> Is it too anthropomorphic to say that this is a lie? Yes. Current LLMs can onl...

lostmsu · 2025-07-07T02:51:42 1751856702

> Current LLMs can only introspect from output tokens

The only interpretation of this statement I can come up with is plain wrong. There's no reason LLM shouldn't be able to introspect without any output tokens. As the GP correctly says, most of the processing in LLMs happens over hidden states. Output tokens are just an artefact for our convenience, which also happens to be the way the hidden state processing is trained.

Marazan · 2025-07-07T07:29:37 1751873377

"Hidden layers" are not "hidden state".

Saying so is just unbelievably confusing.
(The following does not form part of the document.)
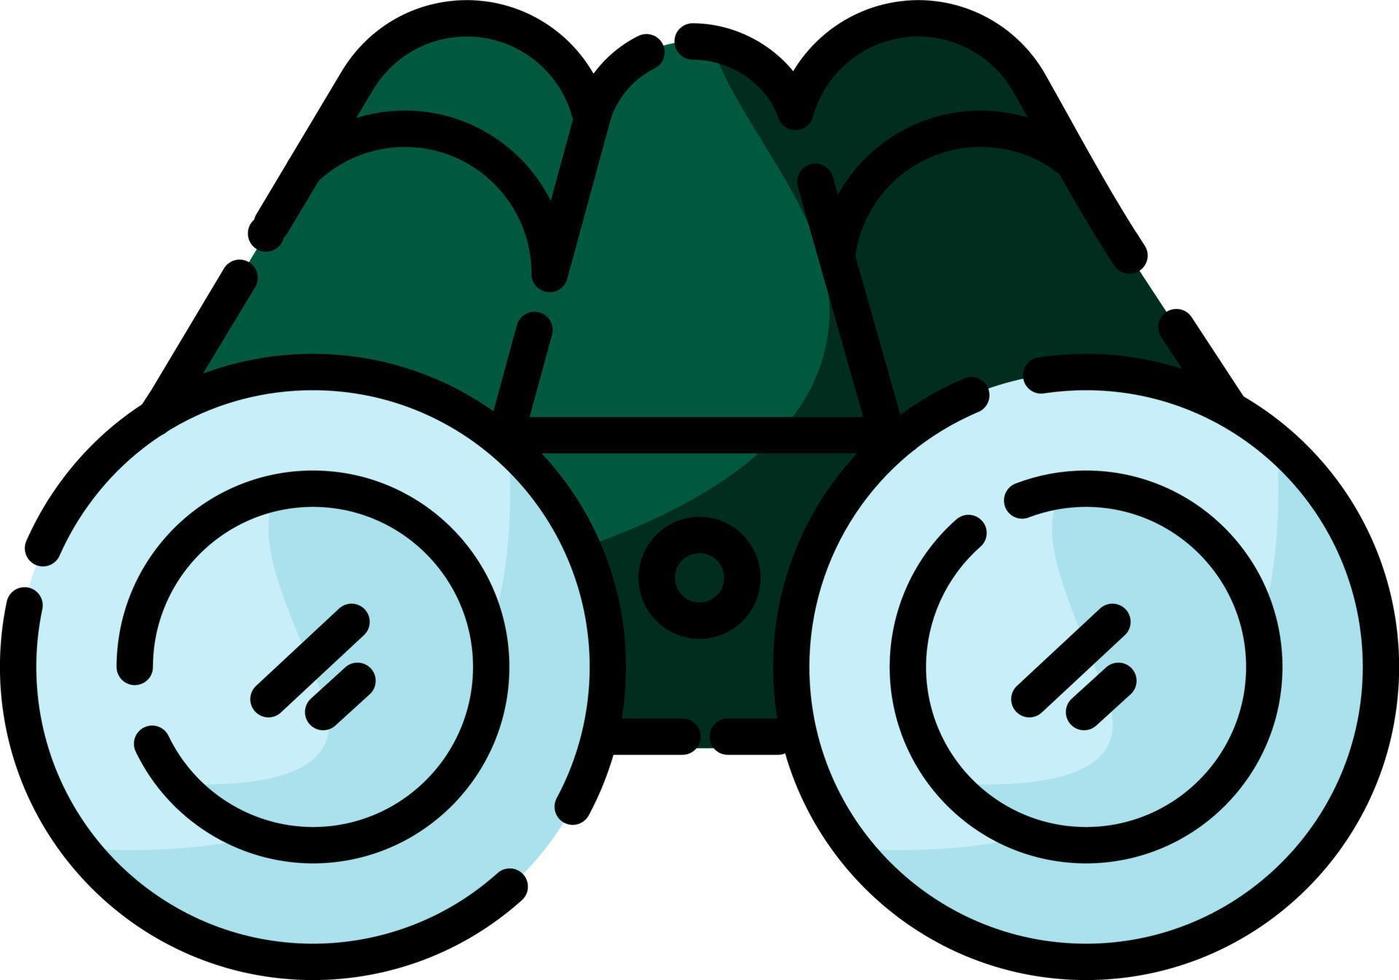 Camping binoculars , illustration, vector on a white background.

positron26 · 2025-07-07T02:57:30 1751857050

There are no recurrent paths besides tokens. How may I introspect something if it is not an input? I may not.

barrkel · 2025-07-07T10:09:38 1751882978

The recurrence comes from replaying tokens during autoregression.

It's as if you have a variable in a deterministic programming language, only you have to replay the entire history of the program's computation and input to get the next state of the machine (program counter + memory + registers).

Producing a token for an LLM is analogous to a tick of the clock for a CPU. It's the crank handle that drives the process.

hackinthebochs · 2025-07-07T10:32:26 1751884346

Important attention heads or layers within an LLM can be repeated giving you an "unrolled" recursion.

positron26 · 2025-07-07T10:41:27 1751884887

An unrolled loop in a feed-forward network is all just that. The computation is DAG.

hackinthebochs · 2025-07-07T10:51:34 1751885494

But the function of an unrolled recursion is the same as a recursive function with bounded depth as long as the number of unrolled steps match. The point is whatever function recursion is supposed to provide can plausibly be present in LLMs.

positron26 · 2025-07-07T11:46:18 1751888778

And then during the next token, all of that bounded depth is thrown away except for the token of output.

You're fixating on the pseudo-computation within a single token pass. This is very limited compared to actual hidden state retention and the introspection that would enable if we knew how to train it and do online learning already.

The "reasoning" hack would not be a realistic implementation choice if the models had hidden state and could ruminate on it without showing us output.

hackinthebochs · 2025-07-07T12:03:22 1751889802

Sure. But notice "ruminate" is different than introspect, which was what your original comment was about.

throw310822 · 2025-07-07T07:28:29 1751873309

Introspection doesn't have to be recurrent. It can happen during the generation of a single token.

delusional · 2025-07-07T06:49:03 1751870943

> Output tokens are just an artefact for our convenience

That's nonsense. The hidden layers are specifically constructed to increase the probability that the model picks the right next word. Without the output/token generation stage the hidden layers are meaningless. Just empty noise.

It is fundamentally an algorithm for generating text. If you take the text away it's just a bunch of fmadds. A mute person can still think, an LLM without output tokens can do nothing.

Tarq0n · 2025-07-08T20:10:44 1752005444

I think that's almost completely backwards. The input and output layers just convert between natural language and embeddings i.e. shift the format of the language. But operating on the embeddings is where meaning (locations in vector-space) are transformed.